LOS ANGELES — Los Angeles police officers fired over 1,000 projectiles at protesters on a single day in June as demonstrators pushed back against the Trump administration’s immigration crackdown and decision to deploy the National Guard to the nation’s second largest city.
The police department released a state-mandated report Monday on use of force against protesters that included numbers on bean bags, rubber and foam rounds, and tear gas deployed during days of protests in Los Angeles.
On June 6, police fired 34 rounds at about 100 people. On June 8, police fired 1,040 projectiles at about 6,000 people, including 20 rounds of CS gas, a type of tear gas. Six injuries were reported as a result of those projectiles.
There were 584 police officers responding that day, the department said. Protesters had blocked off a major freeway and set self-driving cars on fire.
The report was concerning to Josh Parker, deputy director of policy at the New York University School of Law Policing Project.
“The sense that I got from that data is that if that’s how you police a protest, then you’re policing it wrong,” Parker said.
The protests have put the use of these types of munitions by law enforcement under scrutiny. After journalists were shot, a federal judge granted a temporary restraining order that blocked LA police from using rubber projectiles and other munitions against reporters.
A protester who was hit and lost a finger filed a civil rights lawsuit against the city of LA and county sheriff’s department.
California in 2021 restricted the use of less lethal munitions until alternatives to force have been tried to control a crowd. Police cannot aim “indiscriminately” into a crowd or at the head, neck or any other vital organs. They also cannot fire solely for a curfew violation, verbal threats toward officers, or not complying with directions given by law enforcement, such as when they order an unlawful assembly to disperse.
“To see such a high number of projectiles discharged in a relatively short time period gives me grave concern that the law and those best practices were violated,” Parker said.
A spokesperson for the Los Angeles Police Department did not immediately respond to a request for comment. LAPD was planning a “comprehensive evaluation of each use-of-force incident,” said Chief Jim McDonnell in a statement reported June 23 by the Los Angeles Times.
The days of protests in “dangerous, fluid and ultimately violent conditions” left 52 officers with injuries that required medical treatment, McDonnell said. Officers were justified in their actions to prevent further harm, he said.
Tensions escalated in downtown Los Angeles on June 8 as National Guard troops arrived to patrol federal buildings.
“Agitators in the crowd vandalized buildings, threw rocks, broken pieces of concrete, Molotov cocktails, and other objects toward law enforcement officers,” the report said.
Many protesters left by evening, but some formed a barricade of chairs on one street and threw objects at police on the other side. Others standing above the closed southbound 101 Freeway threw chunks of concrete, rocks, electric scooters and fireworks at California Highway Patrol officers and their vehicles parked on the highway.
Police issued multiple unlawful assembly orders shutting down demonstrations in several blocks of downtown Los Angeles but the crowd remained and munitions were used to bring the situation under control, the report said.
A box that read, “Other de-escalation techniques or other alternatives to force attempted,” was blank.
Parker said departments should plan for when a crowd begins throwing objects or being unruly, drawing on crowd management techniques.
“It’s important that law enforcement agencies not needlessly provoke the crowd” with aggressive language or weapons on display, he said.
Los Angeles sheriff’s deputies far outpaced the LAPD’s use of projectiles.
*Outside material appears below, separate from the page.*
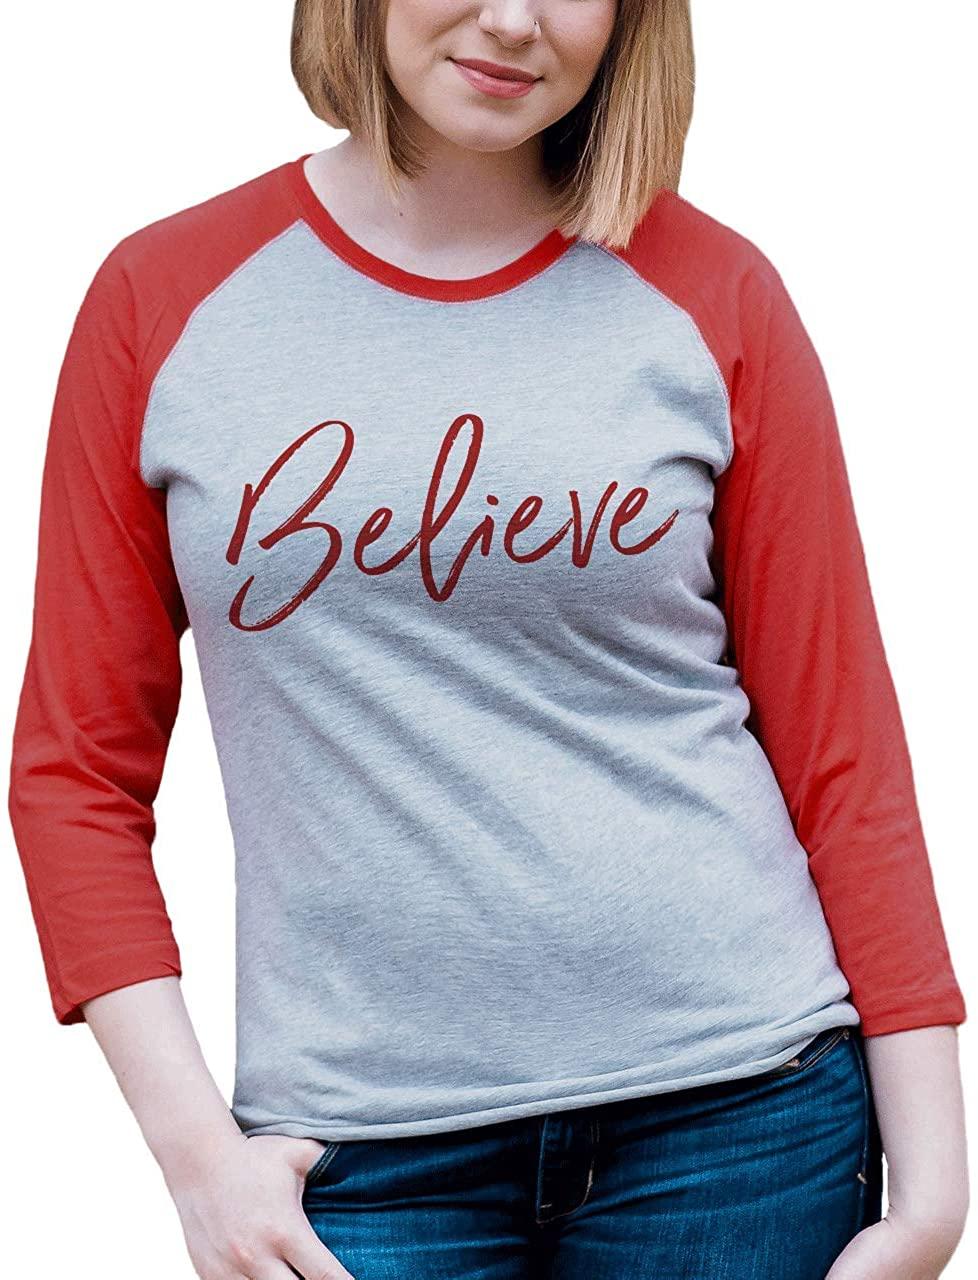 7 ate 9 Apparel Women's Believe Christmas Raglan Tee XL Red

With more than 80 deputies responding, the department deployed over 2,500 projectiles on June 8, the agency reported last week. It also said there were “hundreds to thousands” of people.
The California Highway Patrol, whose 153 officers responded to protesters blocking a major downtown freeway, estimated a crowd of about 2,000 people and used 271 rounds.
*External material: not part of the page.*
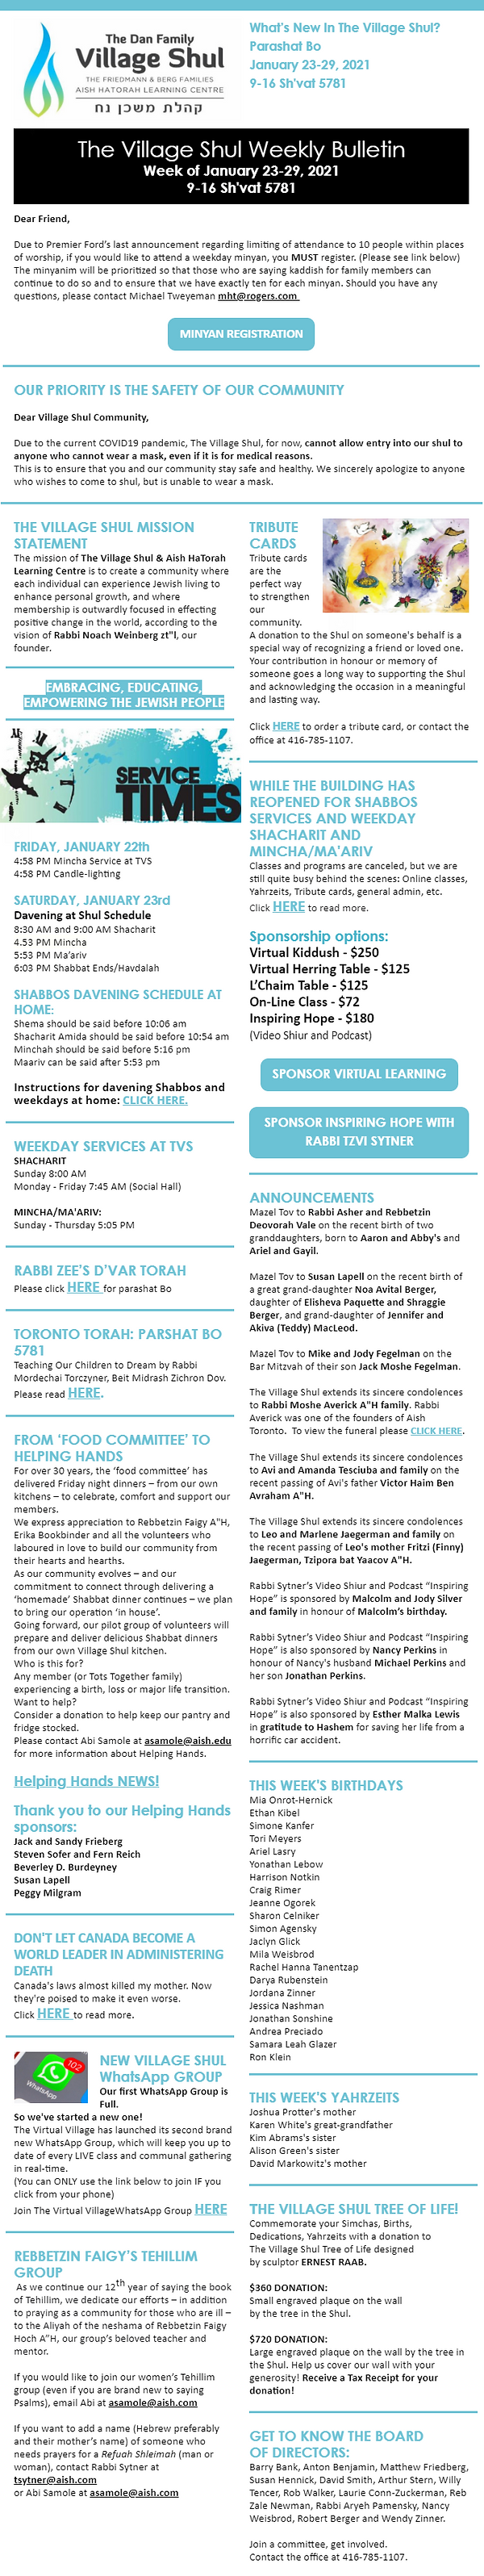 The-Village-Shul-Weekly-Bulletin-January

The tallies reported by LA police and deputies are high, especially considering the small number of deputies sent by the sheriff’s department, said retired LAPD Lt. Jeff Wenninger, who provides expert testimony for court cases.
“I don’t believe law enforcement officers or commanders truly understand the extent of this law, the restriction it provides,” he said. “And they just default back to old practices.”